Alkali-tolerant Protein A Sepharose FF (rat-PA Sepharose FF)

Product Name: Alkali-tolerant Protein A Sepharose FF (rat-PA Sepharose FF)

Catalog Number: NRPB06L, NRPB06S (prepacked column)

Packing Details: 10 ml, 100 ml, 1 L, 1 ml (prepacked column), 2 ml (prepacked column), 5ml (prepacked column), 10ml (prepacked column)

Introduction:

Protein A is a cell wall protein of Staphylococcus aureus and contains five functional domains that can bind to the Fc fragment of IgG. Structural modification of nature protein A improved its alkaline resistance. Therefore, NaOH could be used to regenerate resin. A design that spacer arms on sepharose backbone are conjugated with the oriented binding sites of recombinant alkali-tolerant protein A ensures a formation of strong and efficient conjugate between sepharose and recombinant alkali-tolerant protein A as well as a higher capacity of recombinant alkali-tolerant protein A than native protein A.

Column Characteristics:

Support 6% highly cross-linked spherical agarose

Ligand rat-PA

Ligand Density (mg/ml) ＞6

Particle Size (μm) 45~165

Flow Rate-Recommended/Maximum (cm/h) 100/750

pH Limits-Working/Cleaning 3~11/2~13

Maximum Operating Pressure (MPa) 0.3

Capacity ≥35 mg/ml IgG

Storage 4 oC to 8 oC in 20% ethanol

Performing A Separation:

Binding buffer: 20 mM sodium phosphate, 150 mM NaCl, pH 7.4

Elution buffer: 100 mM sodium citrate, pH 4.0

Neutralization buffer: 1M Tris-HCl, pH 9.0

1) Wash the prepacked 1 ml column with 5~10 column volumes of distilled water to remove 20% ethanol.

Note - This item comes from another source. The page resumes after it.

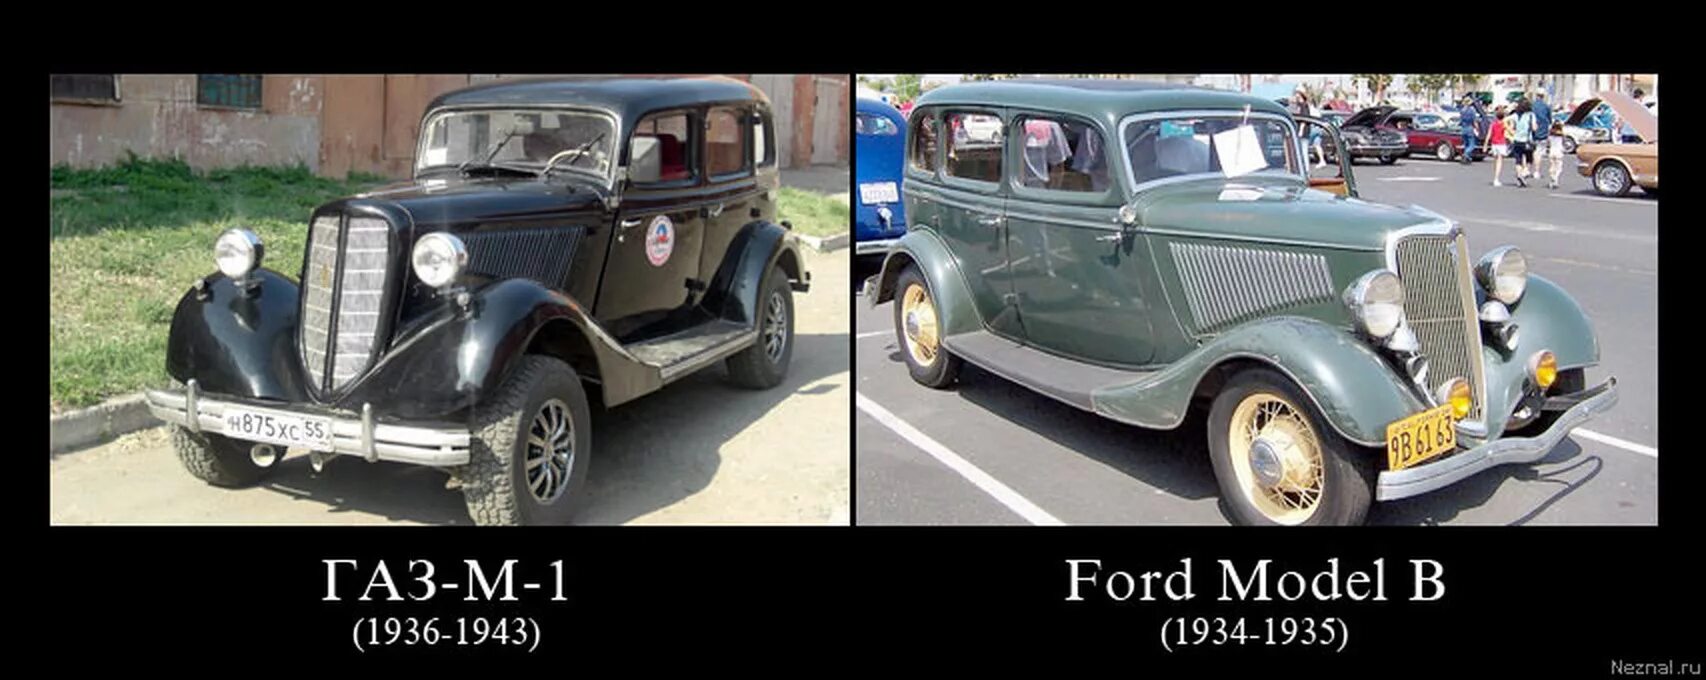 Автомобиль ГАЗ М 1 И Форд. ГАЗ м1 СССР. Ford model b 1934. ГАЗ м1 сравнить с Форд 40. Скопированный газ
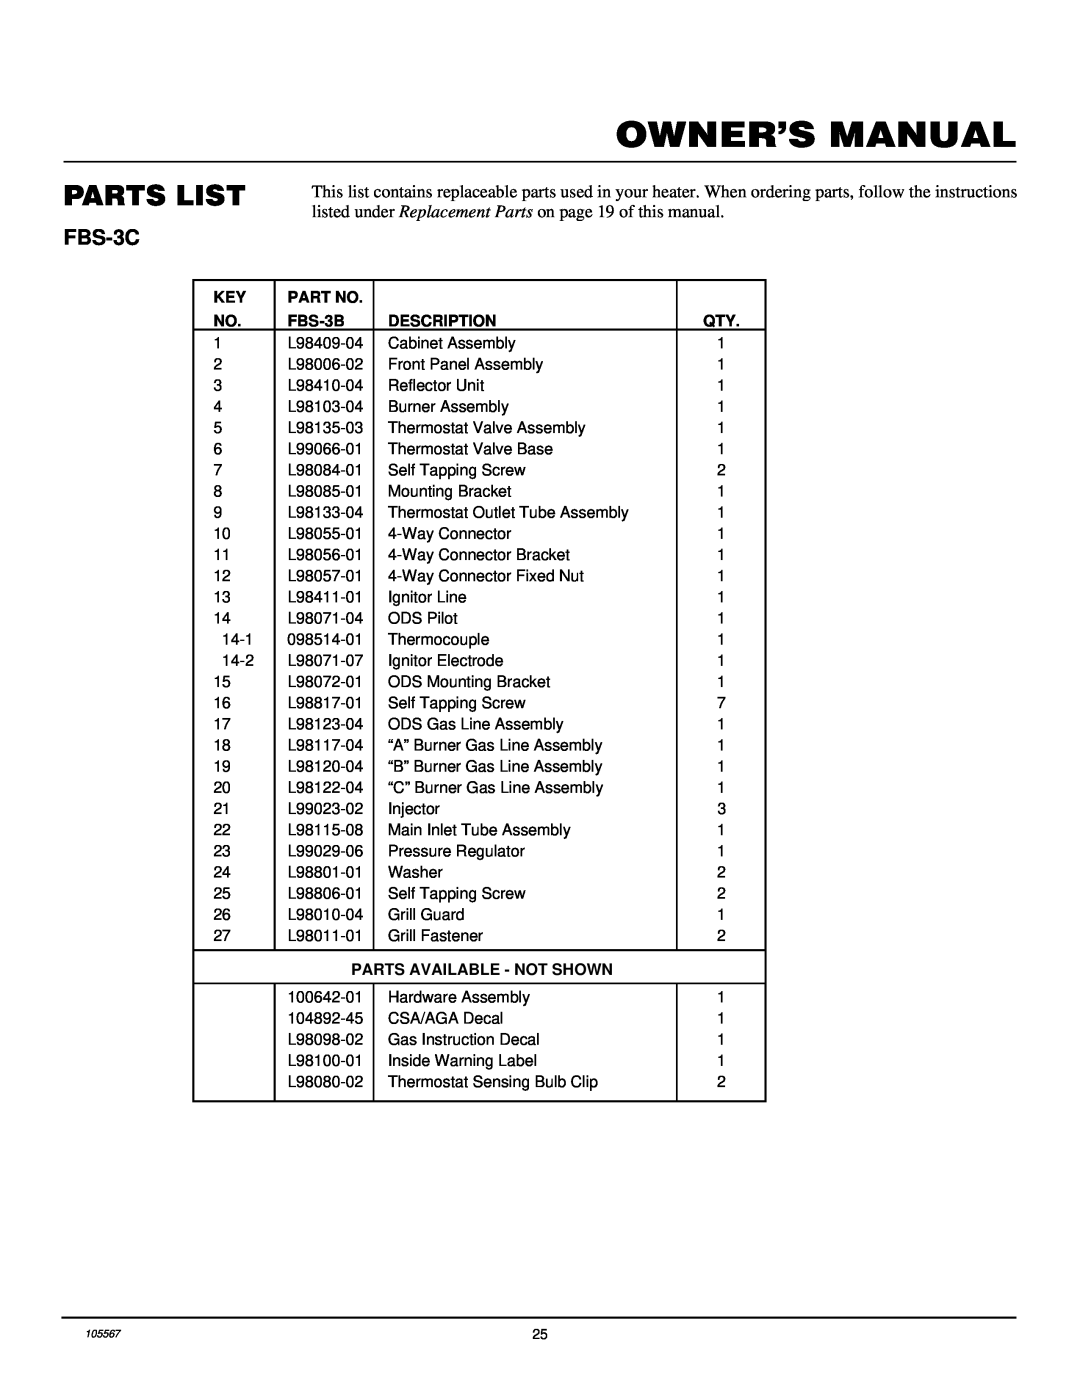 Desa FB-3B installation manual Owner’S Manual, Parts List, FBS-3C

2) Equilibrate the column with 5~10 column volumes of binding buffer.

3) Dilute 5 ml rabbit serum with binding buffer to 50 ml. Filtrate the diluted serum through a 0.45 μm filter and load the sample.

4) Wash with 10 column volumes of binding buffer.

5) Elute with 5 column volumes of elution buffer and neutralize collect fractions with neutralization buffer.

6) After each separation cycle, regenerate the resin by washing with approximately 3~5 column volumes of 0.1 M NaOH (pH 3.0).

7）Confirm the purity of the collected antibody by SDS-PAGE analysis (>95% purity).